TL;DR
The pick: Android’s built-in app hiding is in Settings > Apps > Hide apps on Samsung One UI, in the Pixel Launcher’s Search settings, and in the Files by Google Safe Folder for hiding sensitive files specifically.
Runner-up: for stronger privacy, Samsung Secure Folder creates a separate encrypted workspace where apps and data are completely walled off from the main user. Free, built-in on Galaxy phones.
Skip if: you’re trying to hide apps that don’t belong on the device (work-issued phone, monitored device). Hiding apps doesn’t bypass Mobile Device Management policies; the IT team can still see what’s installed.
There are several reasons to hide apps on an Android phone. Privacy from someone borrowing your phone, decluttering your home screen, or separating work and personal app workflows. Below: the built-in Android features that handle each, without needing third-party launchers or modifications.
1. Hide apps from the launcher (Samsung One UI)
Settings > Home screen > Hide apps on Galaxy.

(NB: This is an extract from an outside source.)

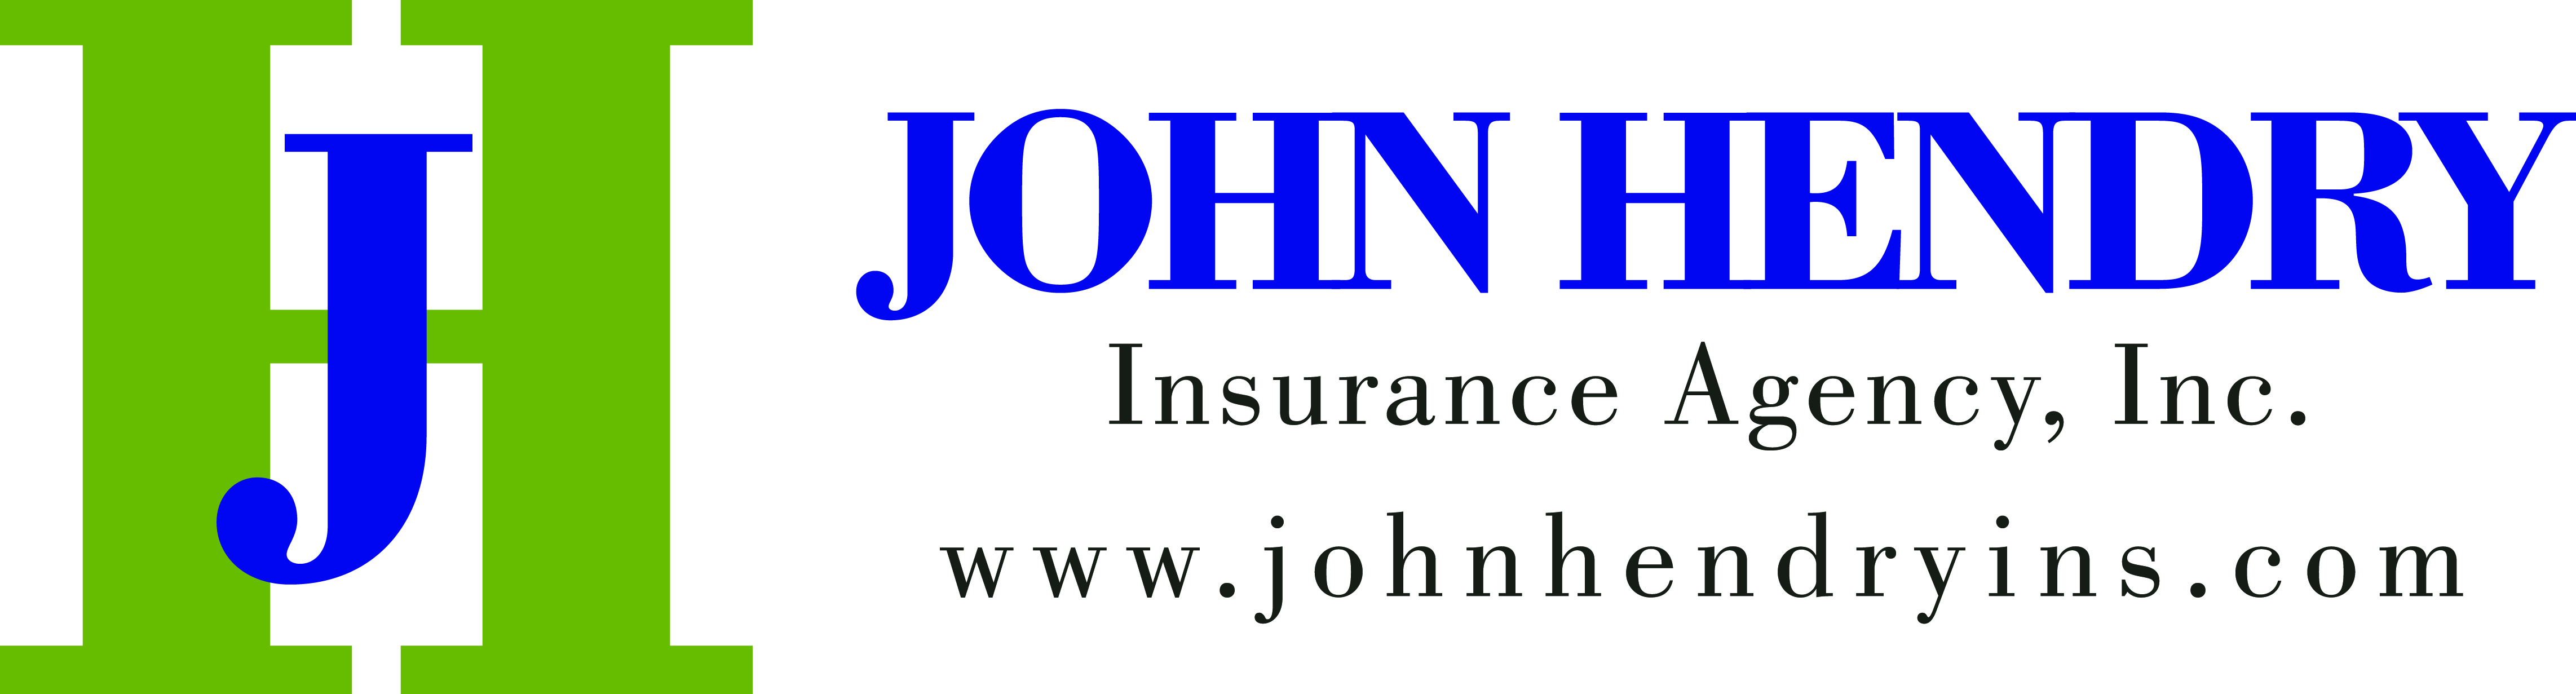 John Hendry Insurance Agency, Inc.'s logo

Pick the apps to hide; they remain installed and functional but no longer appear in the home-screen app drawer or search.
2. Hide apps from the launcher (Pixel)
The Pixel Launcher doesn’t have a built-in hide-apps feature. The closest workaround is Settings > Apps > Default apps > or installing a third-party launcher (Nova, Niagara) that supports per-app hiding.
3. Samsung Secure Folder (full encrypted workspace)
Settings > Security & privacy > Secure Folder on Galaxy phones. Creates a parallel app-and-data space, encrypted with a separate PIN/biometric. Apps installed in Secure Folder don’t appear in the main launcher; their data is completely walled off; even forensic tools can’t see across the boundary without the PIN.
4. Files by Google Safe Folder (for hiding files specifically)
Files by Google has a Safe Folder feature for sensitive documents and photos. PIN-protected, with biometric unlock. Files moved here aren’t visible in Photos, Files, or any app outside Files by Google itself.
5. Disable apps you can’t uninstall (vendor bloat)
Settings > Apps > pick the app > Disable. Disabled apps are still installed but inert; they don’t run, don’t update, and don’t appear in the app drawer. Useful for vendor-installed apps that can’t be uninstalled but you don’t want clogging the system.
Verdict
Use the built-in tools. Samsung’s Hide apps + Secure Folder cover the strong-privacy case on Galaxy; Pixel users have fewer first-party options but Files by Google’s Safe Folder covers sensitive-files specifically. Skip third-party “hide app” tools; most have aggressive ad layers and questionable permission requests.
How we tested
Verified May 2025 on Pixel 9 Pro, Galaxy S25 Ultra, and OnePlus 13.